> **PROVIDED RECORDS**:
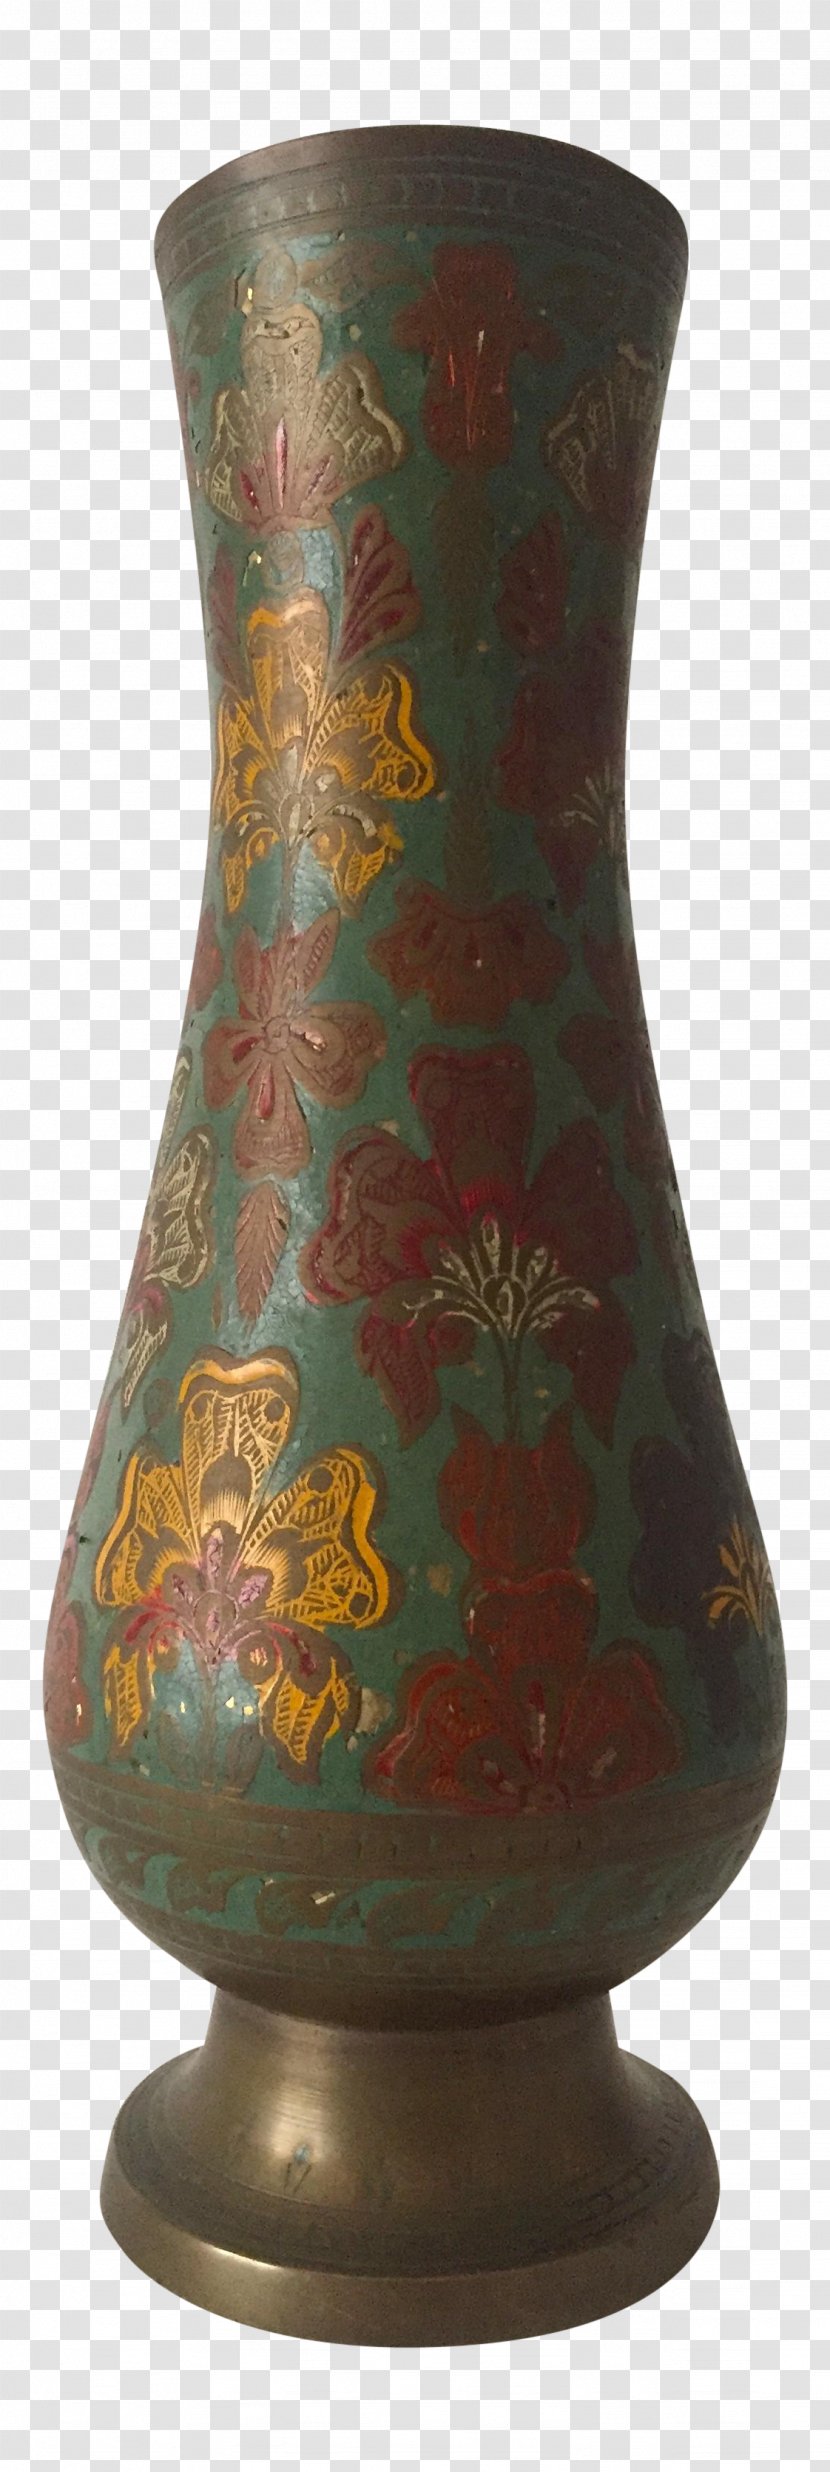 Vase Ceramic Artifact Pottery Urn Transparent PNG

* * *

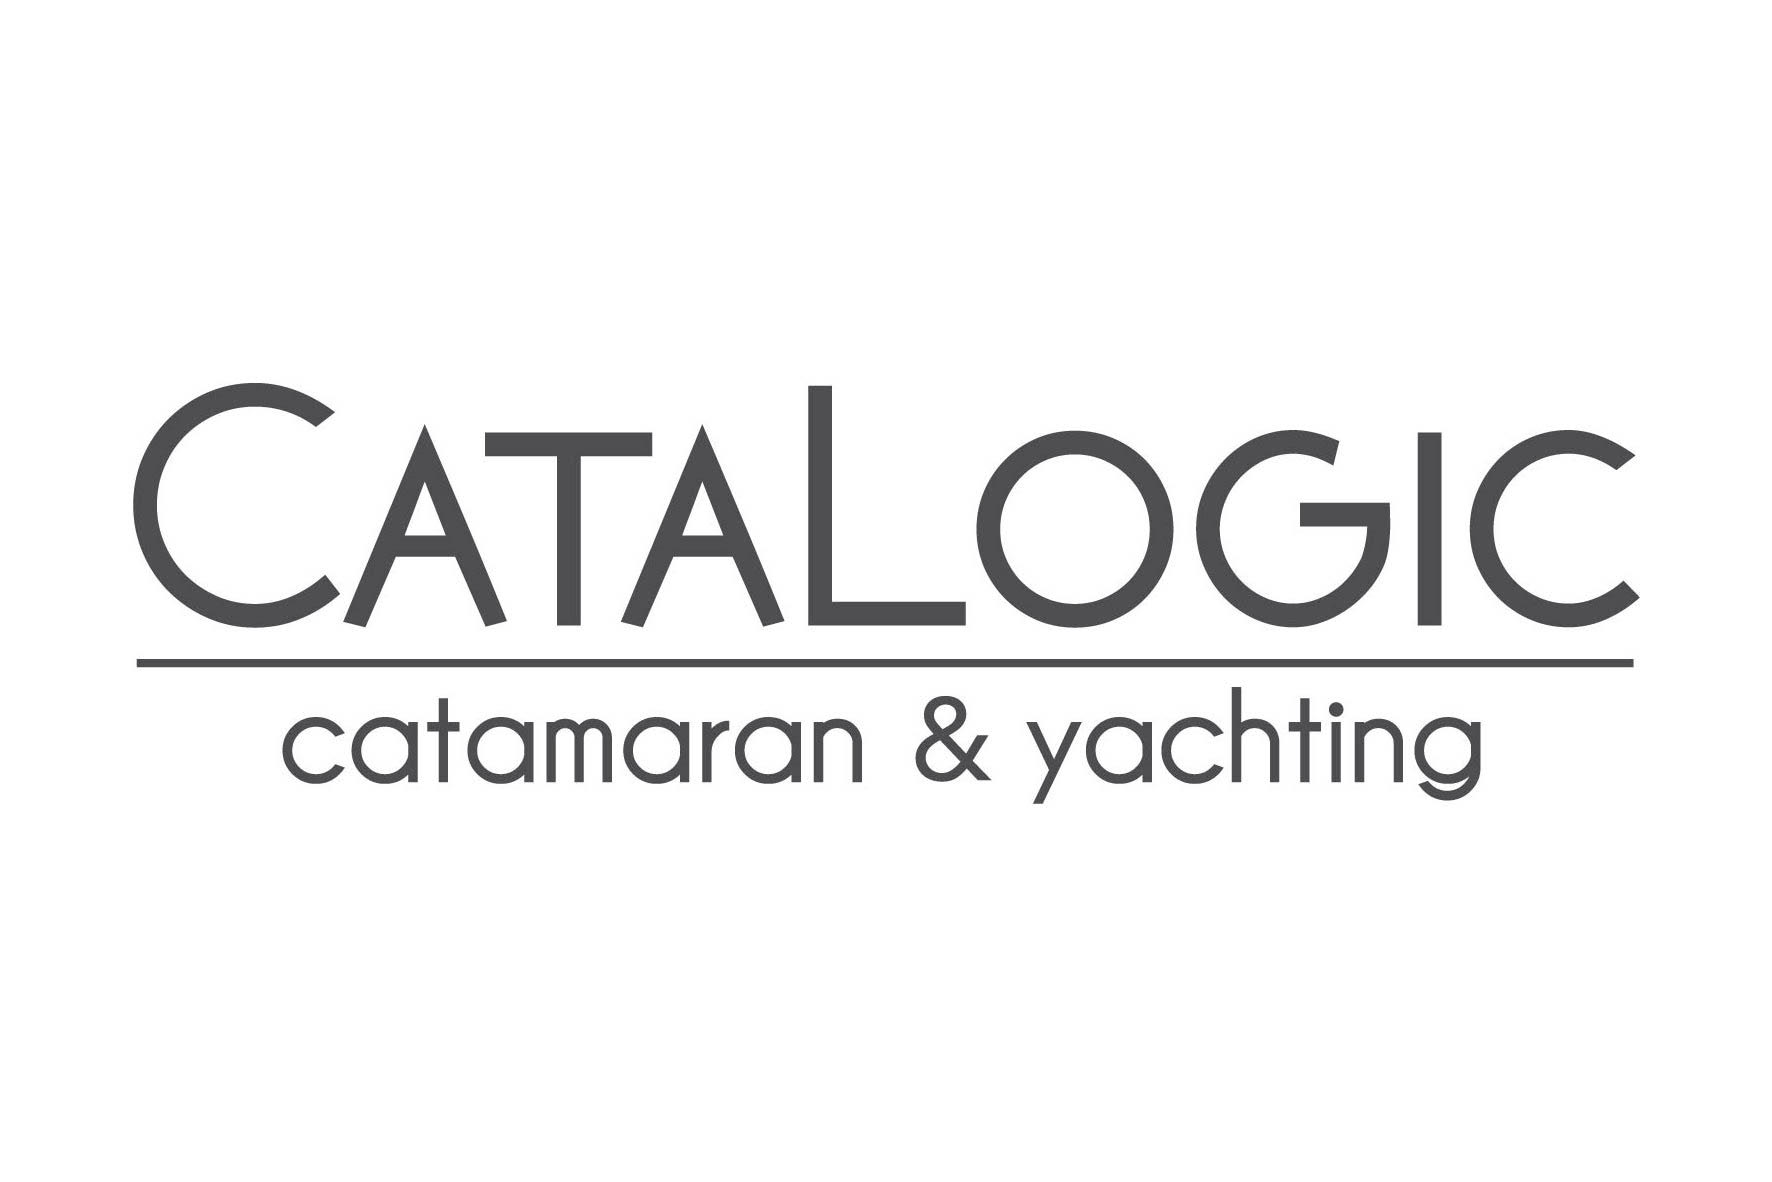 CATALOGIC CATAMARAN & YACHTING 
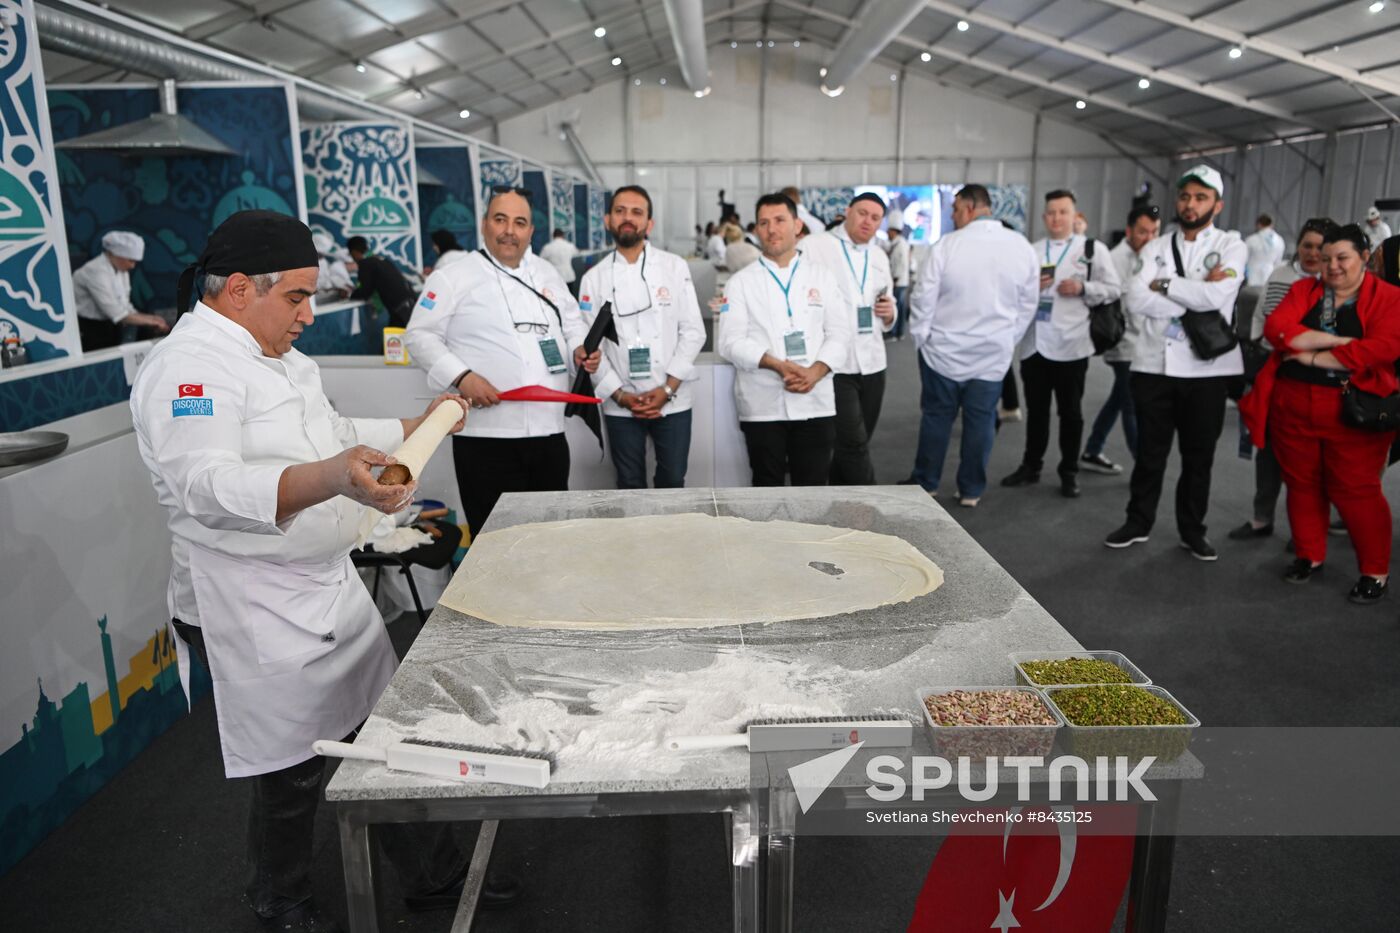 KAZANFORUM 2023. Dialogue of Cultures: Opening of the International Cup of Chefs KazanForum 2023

> **DESCRIPTION OF THE TASK**: Set the pictures aside and transcribe exactly the stretch of lines above, beginning with the one holding "CATALOGIC CATAMARAN & YACHTING" and ending with the one holding "KAZANFORUM 2023. Dialogue".

> **ANSWER SECTION**:
 CATALOGIC CATAMARAN & YACHTING 
 KAZANFORUM 2023. Dialogue of Cultures: Opening of the International Cup of Chefs KazanForum 2023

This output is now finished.